Per Francesco Zanchini, professore emerito di Diritto Canonico presso la Facoltà di Giurisprudenza dell’Università di Teramo e avvocato della Rota vaticana, il nodo sta soprattutto nella giustizia penale. «Mi riferisco anzitutto – afferma Zanchini in un’intervista alla nostra agenzia – all’uso terroristico della carcerazione preventiva (croce e delizia di tutte le procure di questo mondo, ma negli ordinamenti democratici garantisticamente circoscritta) al fine di ottenere la confessione dell’arrestato. Nello Stato della Città del Vaticano il papa regna, ma non governa.
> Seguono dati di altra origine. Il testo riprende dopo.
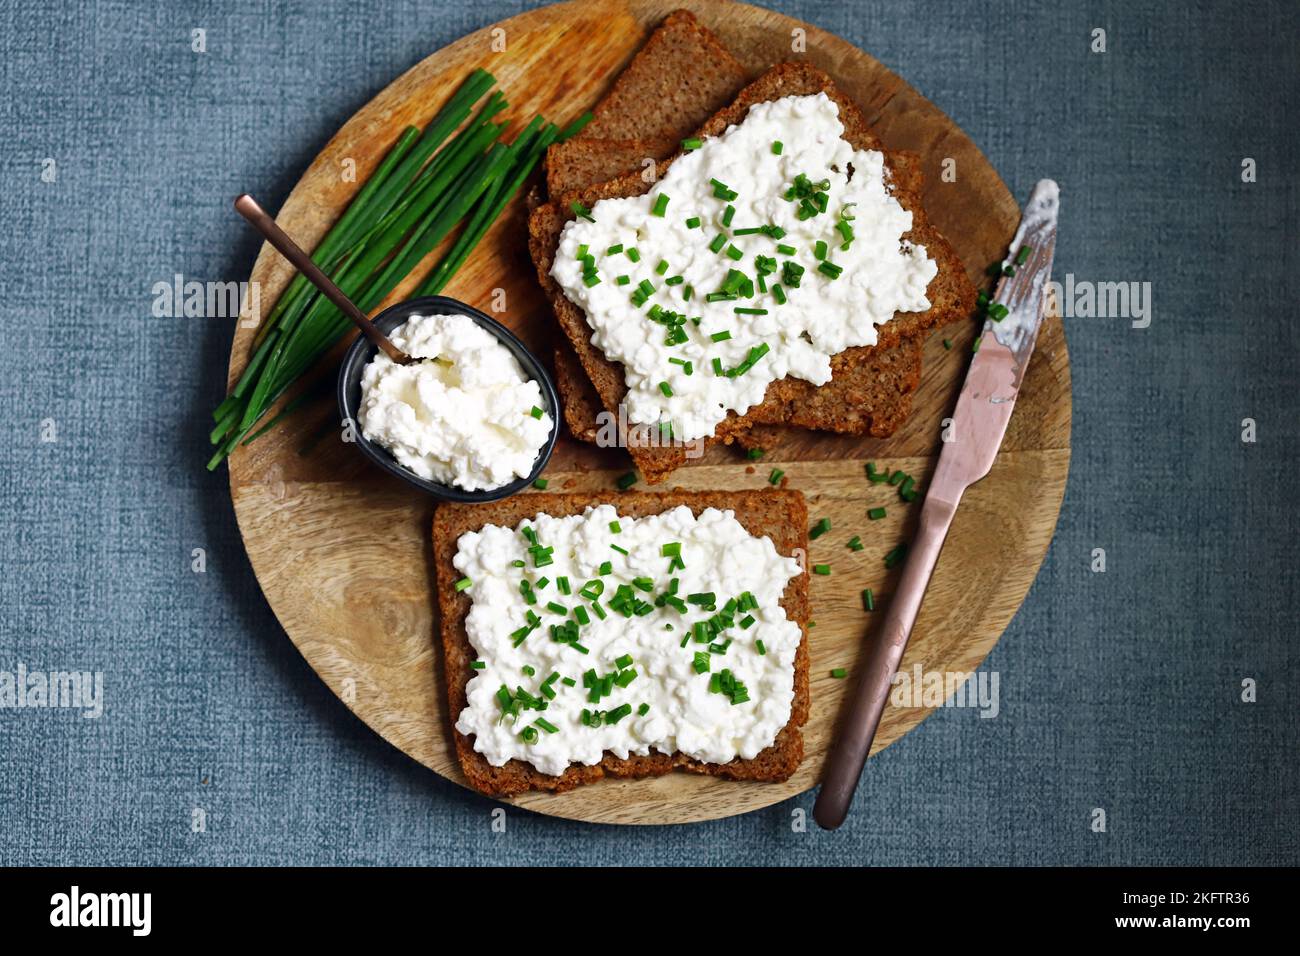 Open sandwiches with rye bread and white cottage cheese with green onions. Healthy breakfast or snack. Stock Photo

Polizia e promotore di giustizia [l’equivalente del nostro Pm, ndr] sono emanazione diretta della governance, che decide quando (ma accade quasi sempre) valersi degli organi corrispondenti dello Stato italiano per la repressione dei delitti commessi nella Città Leonina, in base all’art. 23 del Trattato del Laterano: delega di giurisdizione comodissima, date le dimensioni funzionali della magistratura interna. A tale delega la governance può però a sua discrezione rinunciare, quando il processo potrebbe portare alla luce qualche scorrettezza politico-amministrativa (i panni sporchi si lavano in famiglia). Su questo punto consultazioni immediate, quando il caso è delicato, si svolgono tra polizia interna (formata di solito da ex carabinieri e simili) e promotore di giustizia, non senza intervento del Governatorato. La valutazione, in tali casi, diretta all’uso o meno della delega esterna, è dunque squisitamente politico-discrezionale, fino al livello, del resto nobilissimo, della ragion di Stato».
Così, afferma Zanchini, se in Vaticano qualcuno ruba, la questione di per sé può anche essere irrilevante: il problema «si pone solo quando qualcuno si mette in testa di dare fastidio a chi comanda per davvero, che è l’apparato di governance, finché il papa lo mantiene in carica. Allora sì, sono dolori».